Scorsese's second stab at hagiography is absolutely mesmerizing. Here, Scorsese uses a cast of non-actors to tell the story of the early life of the fourteenth Dalai Lama of Tibet from his discovery on the Chinese border to his flight into India to escape the regime of the Red Chinese. What Scorsese does with this material is astonishing, given the general nature of the films for which he is best known. Scorsese portrays the contrast between the enlightened philosophy of non-violence practiced by the Tibetans with the violence of this century as a striking, horrifying, and profoundly spiritual clash of cultures and as a subdued coming of age drama set in desperate times.

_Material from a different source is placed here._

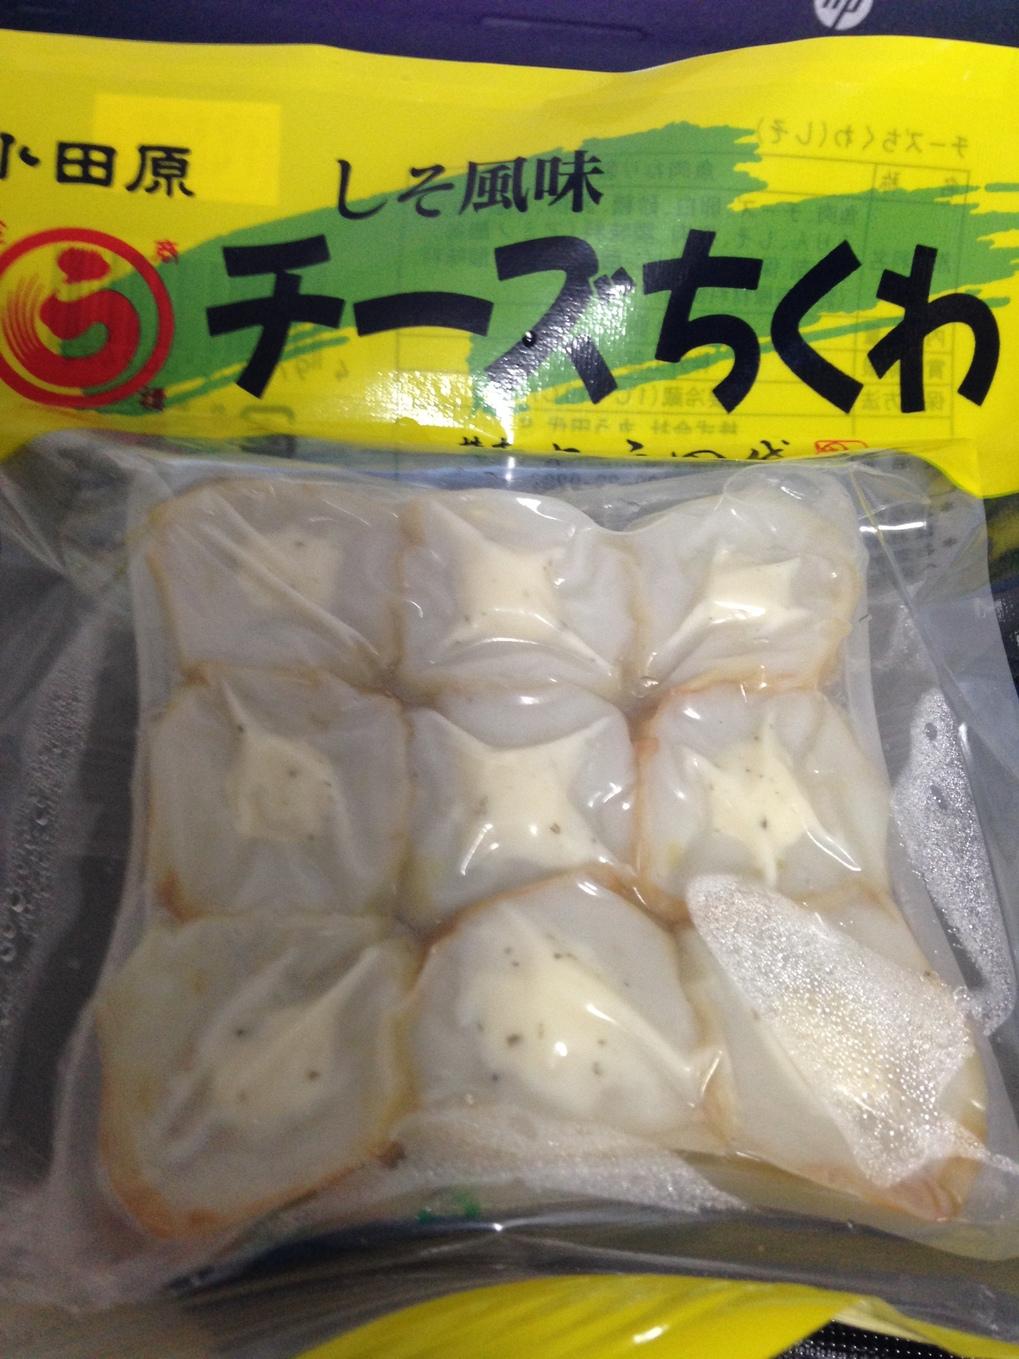 オダキュウ OX 小田原名産店

Scorsese is still the prodigal child of the cinema and he barrows liberally for this movie from Welles, Powell (especially Black Narcissus), Hitchcock, Bunuel, Busby Berkley even, and a multitude of other sources and welds them into an amalgam that is uniquely his own. This is as good as cinema gets. During its entire two and a half hours of running time, one never feels the urge to look away from the screen for fear of missing some new visual delight or some telling nuance of the story. This is reinforced by Phillip Glass's hypnotic score--Scorsese has always used music well, but here he employs it to its fullest to hold the audience's rapt attention. As in all of Scorsese's movies, it is the incidental details that tell the most: the utterly creepy incarnation of Chairman Mao, the repeated motif of sand painting as a metaphor for the ephemeral nature of life, the shifting POV shots that plunge into spiritual visions throughout the movie, and the film's most flamboyant set piece: the funeral of the Dalai Lama's father, chopped up and fed to vultures as the news of the Chinese invasion is revealed. This is Scorsese's best movie since Goodfellas, and one can scarcely imagine a more different experience. One for the ages.